TASK STATEMENT - Please give back the listing exactly, without any of its pictures.

SOURCE MATERIAL -
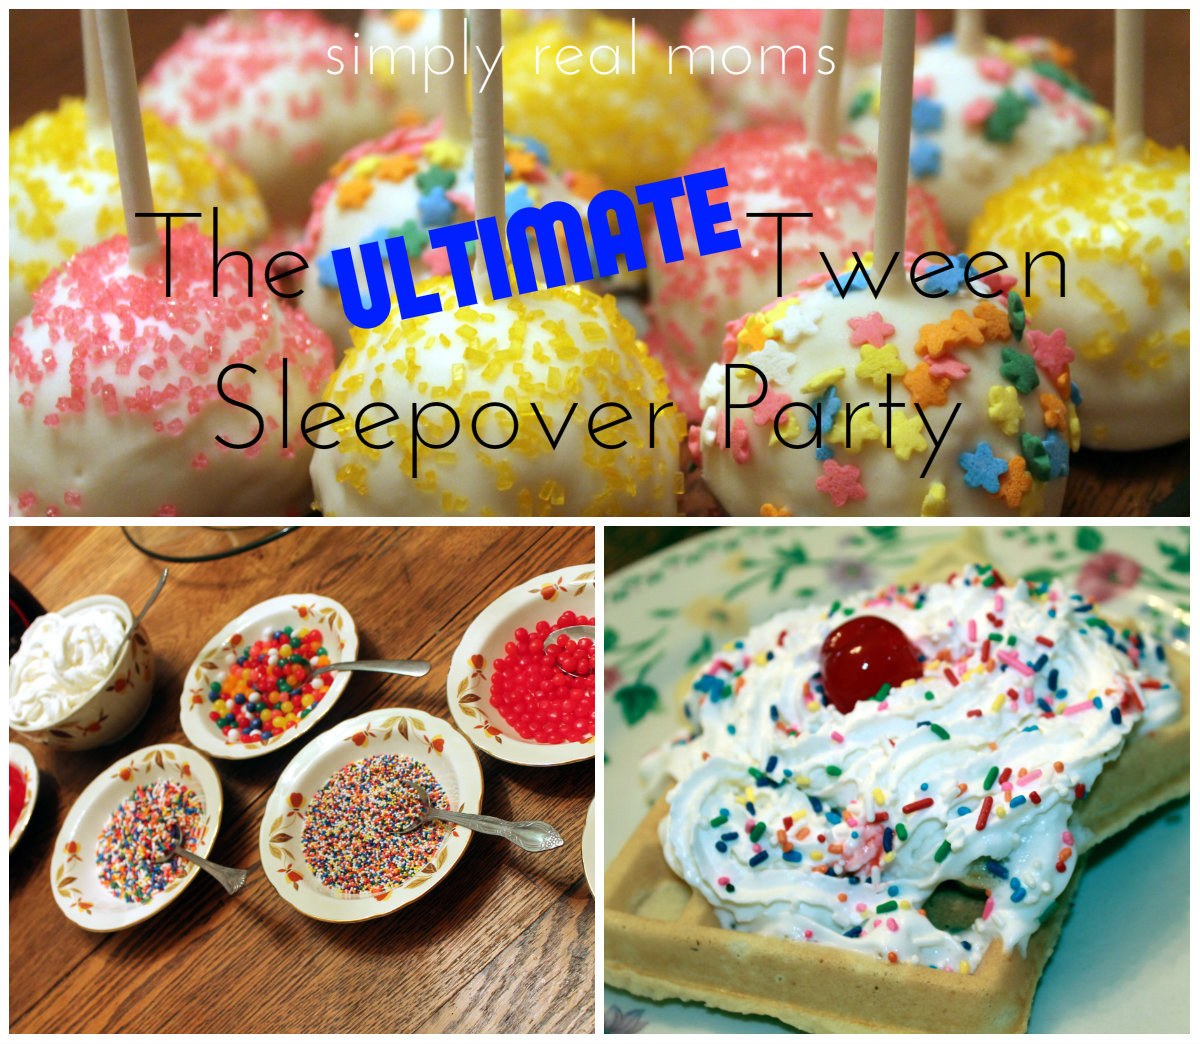 Fun Birthday Party Ideas For Tweens
 The Ultimate Tween Sleepover Party ideas Simply Real Moms
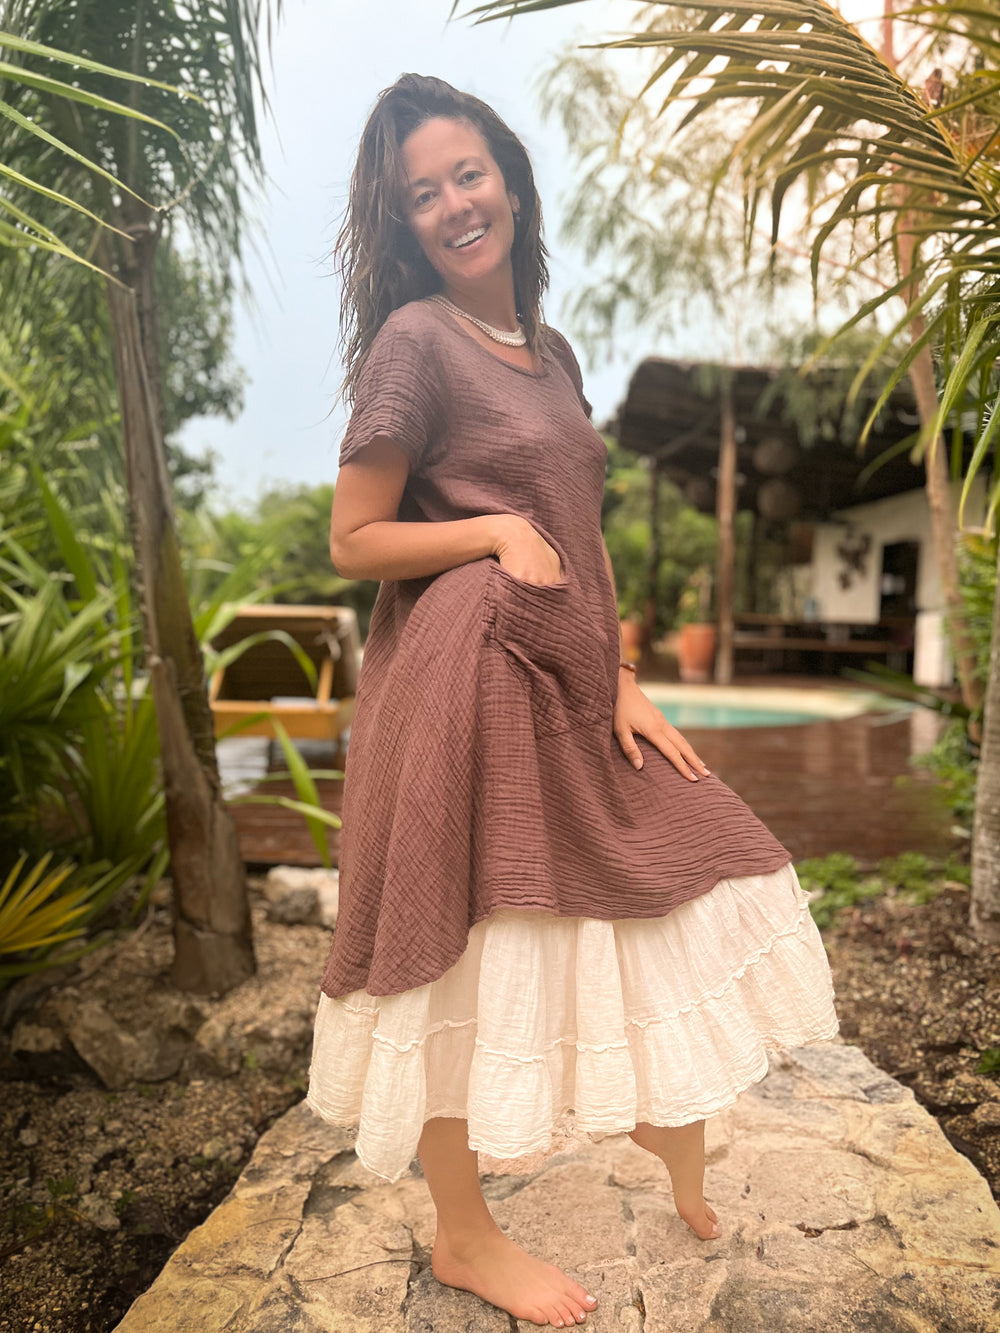 Woman has layered short dress with longer skirt. She is barefoot and smiling.

EXERCISE SOLUTION -
 Fun Birthday Party Ideas For Tweens
 The Ultimate Tween Sleepover Party ideas Simply Real Moms
 Woman has layered short dress with longer skirt. She is barefoot and smiling.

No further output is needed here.